Brophy is quick to point out, however, that he and TAU are not treated as oracles.

“We know that not everyone is going to share our opinion, so we make our recommendations to a special executive committee that represents both hospitals,” says Dr. Brophy. “On that committee sit reps from administration, from nursing, from the doctors, from the pharmacists, from other allied health workers, and it also includes a patient representative. There are seven people from MUHC and seven from CHUM.”

The committee then debates the recommendation, and can alter it before passing it on to the director general of each hospital.

“Sometimes we will present reasons we see for adopting and not adopting the technology, so there can be an informed debate,” says Dr. Brophy. “There may be good clinical reasons for adopting it, but administrative or cost reasons for not.”

In almost all of their work, Dr. Brophy’s unit involves an interested clinician right from outset.

“The epidemiologist or cardiologist or whoever the clinician may be, is going to be aware of the nuances of their speciality that the technology may affect. And if we end up recommending adoption of the technology, it’s going to make buying in by the executive committee much easier, since the clinician has been involved from the start,” he says.

Currently, the TAU is examining the worth of technologies connected with:

• Patient wait times at MUHC and CHUM

• Neuromodulation to control urinary and fecal incontinence

Followed likely by:

• Non-invasive cardiac valve replacement

• Natriuretic peptide testing for excessive sodium in breathless emergency patients.

Typical of TAU assessments (submitted in English and French) are the following:

The use of image-free computer-assisted systems in total knee replacement surgeries (March 2007) – Recommendation: “There is no convincing evidence that demonstrates improved clinical outcomes with the computer assisted navigation systems in total knee replacement surgery. However, expert opinion believes that this technology is likely to decrease malalignment in some patients. For this reason it is recommended that funding for a limited number of cases (Max. 40) annually should be approved for use in patients at the highest risk of malalignment. This will also allow the MUHC and the CHUM to fulfill their role as educational institutions.”

Spinal Monitoring: Use of Intraoperative Neurophysiological Monitoring During Spinal Surgery (July 2005) – Conclusion: “There is good evidence to support the conclusion that intraoperative spinal monitoring during surgical procedures that involve risk of spinal cord injury is an effective procedure that is capable of substantially diminishing this risk.

“In the absence of any precise estimates it is reasonable, for the purpose of this decision, to assume that an expenditure of approximately $46,000 per year (or $460 per patient) might prevent one patient suffering serious permanent spinal cord injury and less serious complications or sequelae in approximately 2 other patients.
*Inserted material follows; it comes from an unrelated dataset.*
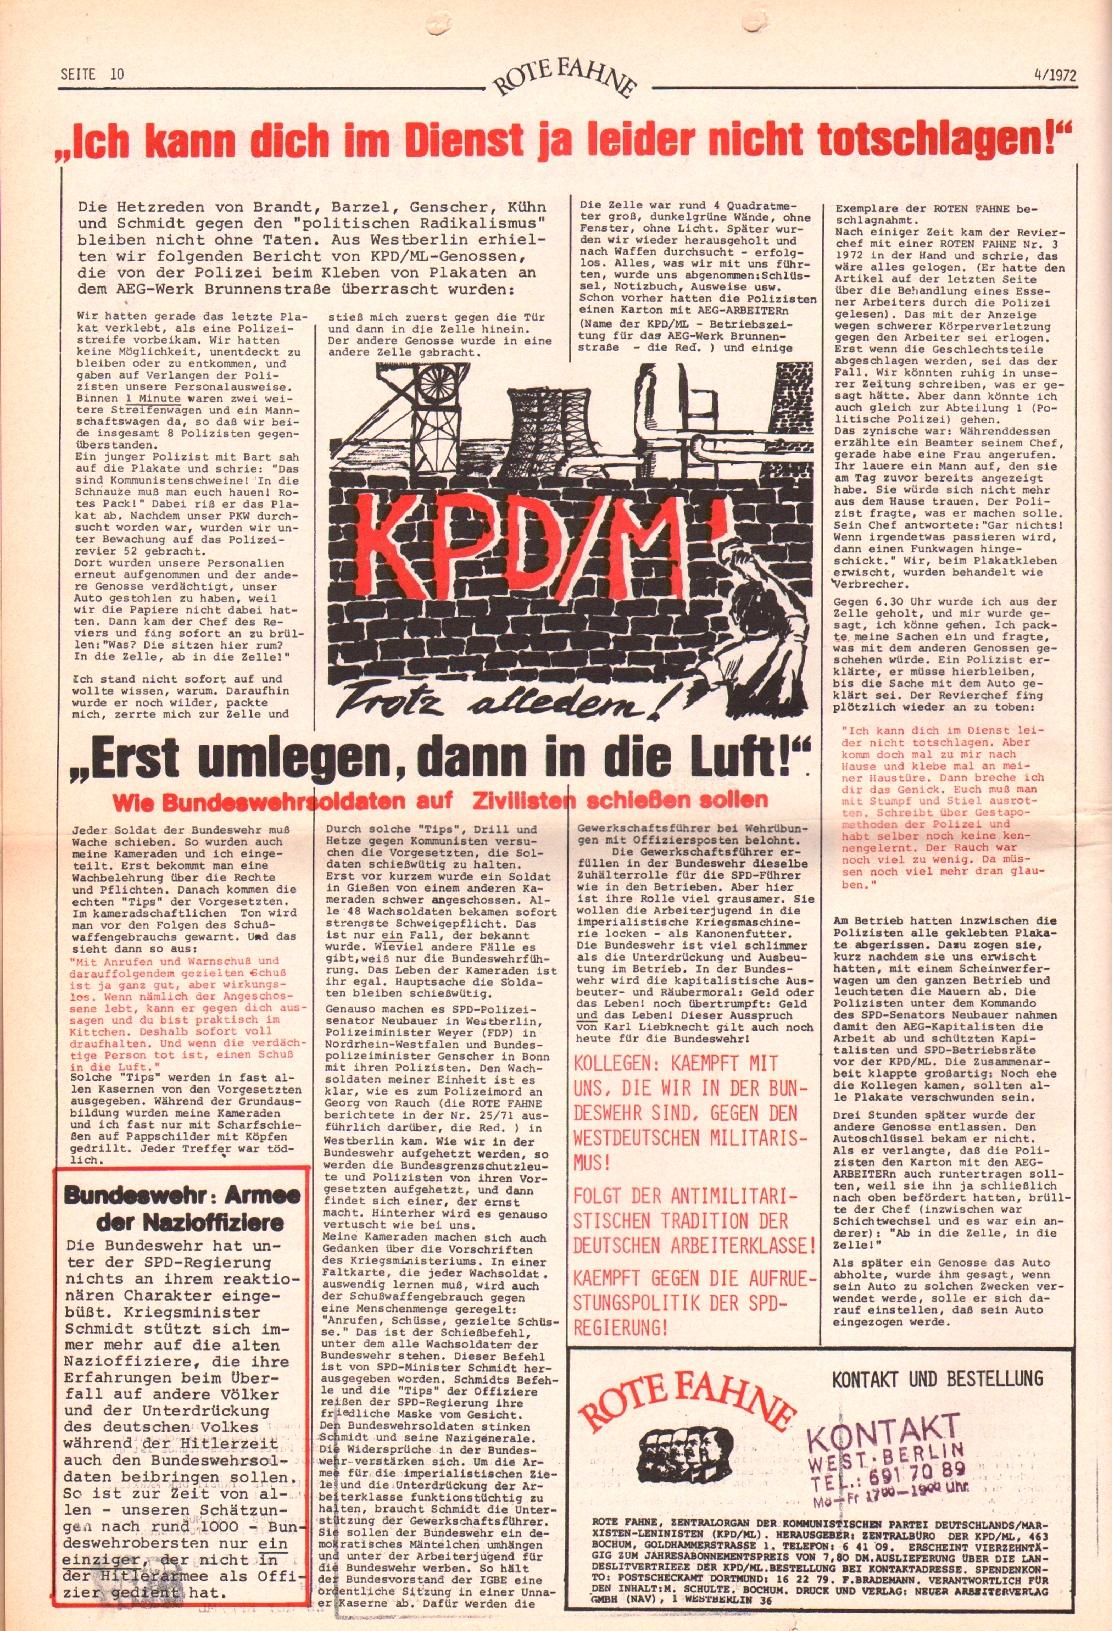 Rote Fahne, 3. Jg., 21.2.1972, Nr. 4, Seite 10
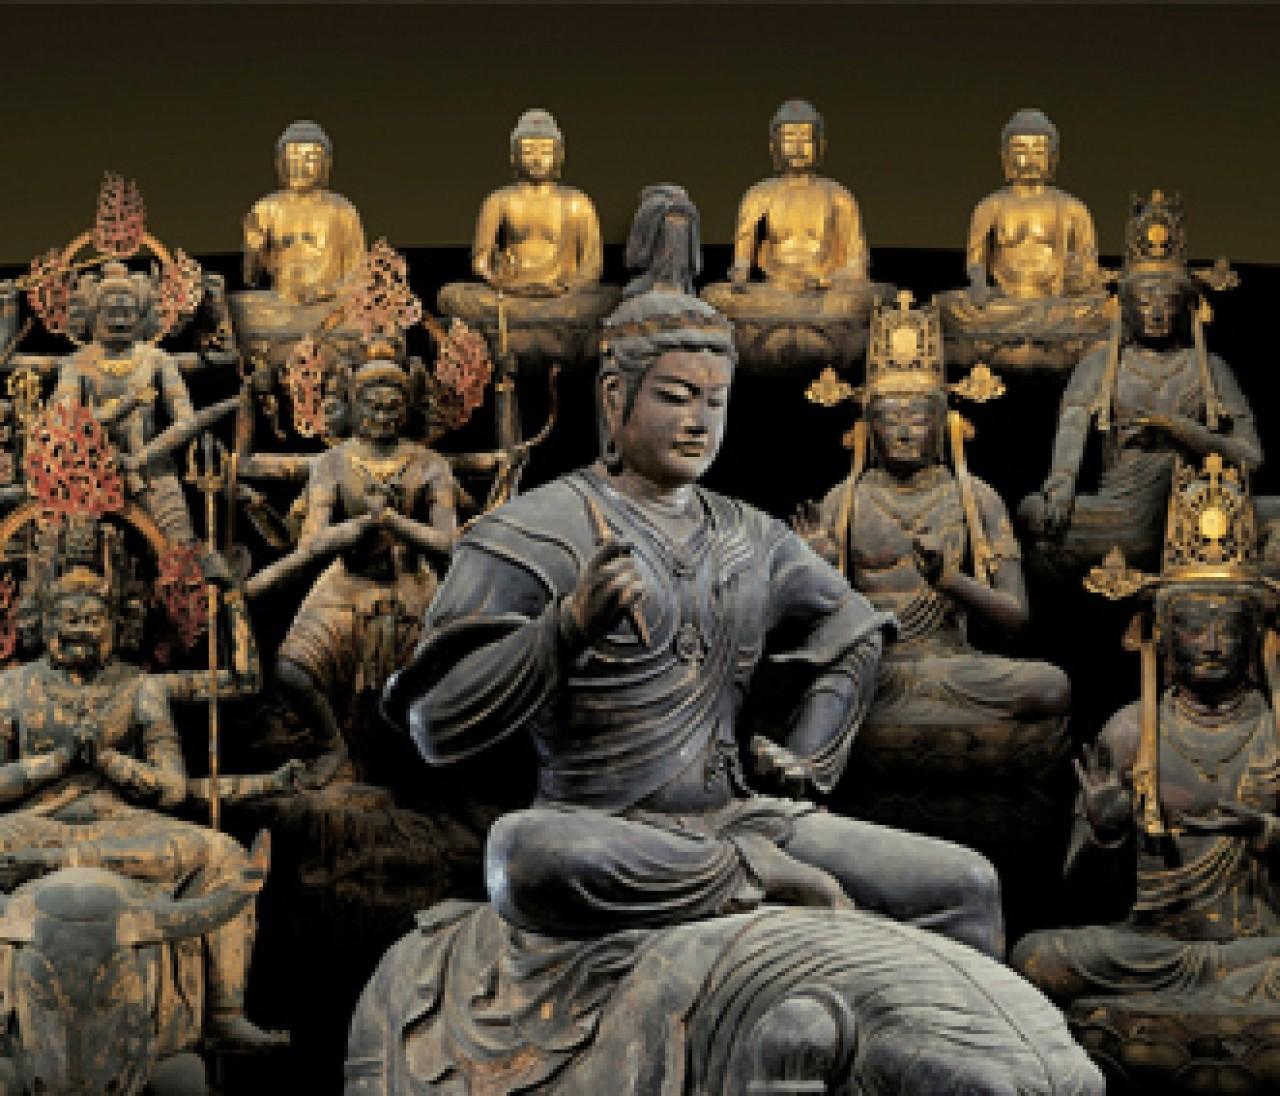 オールスターで豪華! 東京国立博物館で<東寺の仏像曼荼羅>の深~い世界に触れよう

Even if the cost of maintaining such patients is excluded, this is a highly acceptable cost to benefit ratio.”

Dr. Brophy offers several cautions about such conclusions and recommendations found in his reports.

“First, we could be viewed as a barrier to technology uptake, but we are not. Indeed, I think if you broke down all our assessments, so far you’d find that for about one-third of them we said, no we don’t think this (technology) gives you good bang for your buck, another third we said, yes we’ll get considerable health benefits out of it at an acceptable cost and it should therefore be adopted. And about a third we said, maybe for targeted kinds of patients this would be a useful addition,” says Dr. Brophy. “Also it’s important to note that we are not a decision-making body. We’re simply here to improve decision-making and help ensure we are getting value for our money.”